INVESTMENT PROPERTIES
Based on the latest valuation report by an independent appraiser, the total fair value of investment property amounted to P293.5 million as of August 31 and May 31, 2021. Fair value measurement information and disclosures related to investment property are presented in Note 6.4.
INTEREST-BEARING LOANS
EQUITY
Below is the ownership structure of the university's outstanding shares as of August 31 and May 31, 2021. All of the university's shares are listed on the PSE, there has been no subsequent listing since first listing in 1986 at a bid price of P100. This account contains the common stock of the university acquired by FRC on various dates during and held on August 31 and May 31, 2021.

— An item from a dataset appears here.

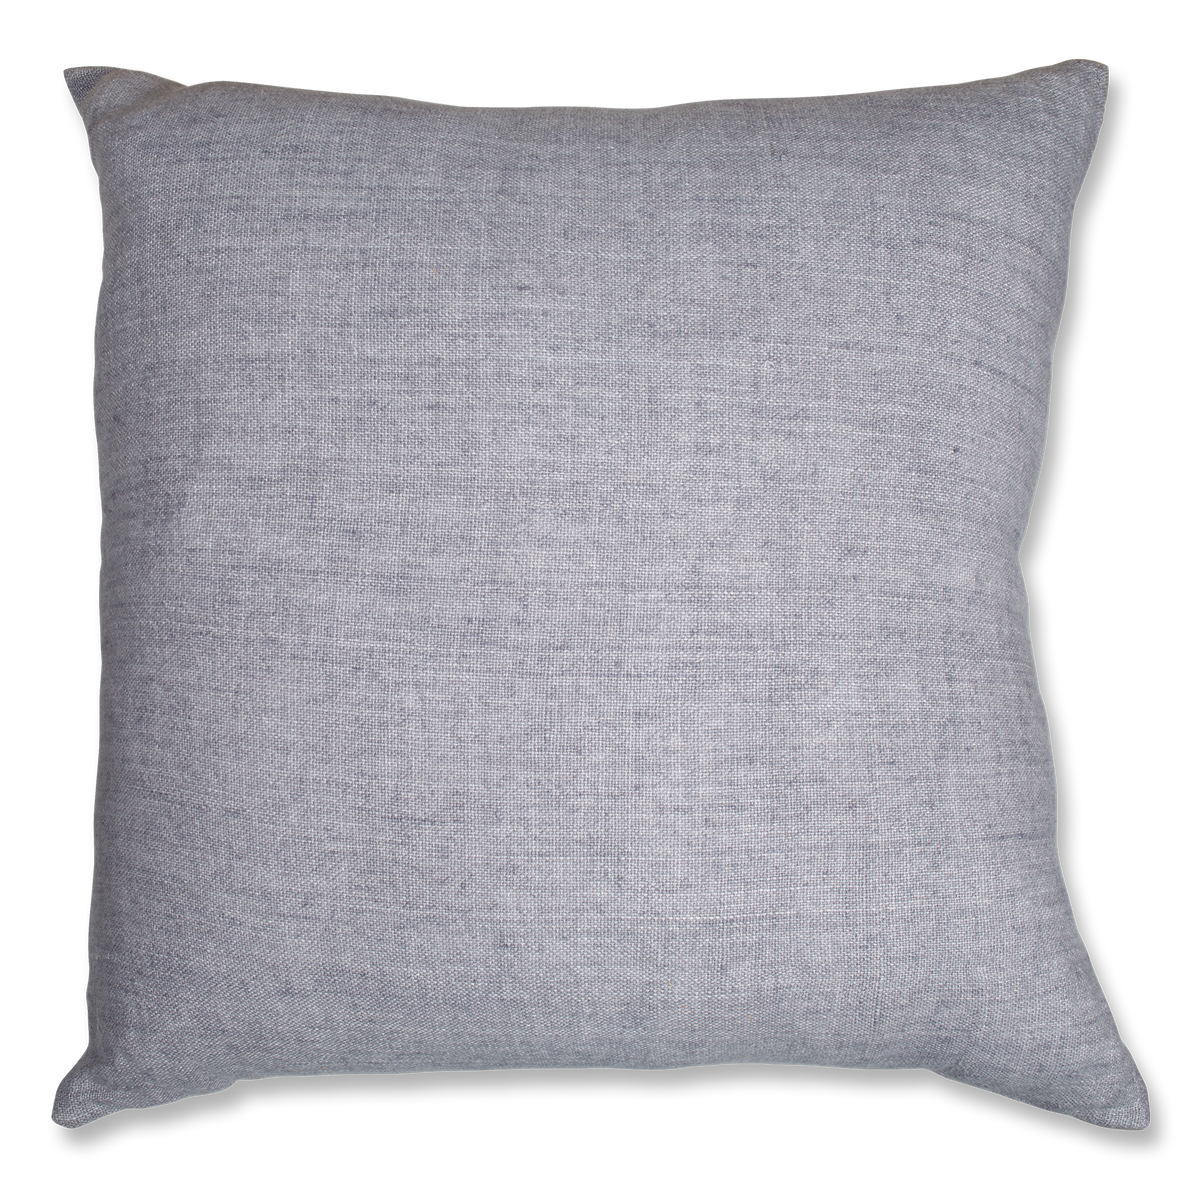 Heavyweight Linen Pillow

A portion of the University's retained earnings is limited by the declaration of dividend to the cost of treasury shares, excluding the amount purchased and held by FRC as this is considered a cross-ownership at the end of the reporting period. Budget allocations are estimated and updated annually, changes in retained earnings are shown below. Management considers that the University has de facto control over FRC even though it owns less than 50% of the voting stock of FRC because it is exposed to or entitled to variable returns through its power over the FRC.
The total cost of issued and outstanding preferred shares amounts to P1.2 billion as of August 31 and May 31, 2021. The total cost of issued and outstanding preferred shares amounts to P750.0 million as of August 31 and May 31, 2021. After incorporation of Edustria, the Parent Company subscribed to 255.0 million shares, representing 51% of the total issued and outstanding shares of Edustria.
The NCI of Edustria amounting to P171.5 million is presented as part of the Non-Controlling Interest Account in the condensed consolidated statements of financial position.
LOSS PER SHARE
COMMITMENTS AND CONTINGENCIES
CAPITAL MANAGEMENT OBJECTIVES, POLICIES AND PROCEDURES The Group aims to provide returns on equity to shareholders while managing operational
SEASONAL FLUCTUATIONS
The second semester enrollment is approximately at least 90% of the first semester's enrollment, while the half term is the lowest at an approximate at least 30%. The maximum load, in terms of subject units, of a student during the half-year term is only nine units compared to the 21 to 24 units during the first and second semesters. The tuition fee increase, if any, usually takes effect during the first semester of a particular SY.
Old rates are therefore followed during the summer term while new rates are applied during the first and second semesters. Since the first quarter is from June to August, the revenue and the resulting net income for the first quarter are at the lowest among the four quarters of the fiscal year.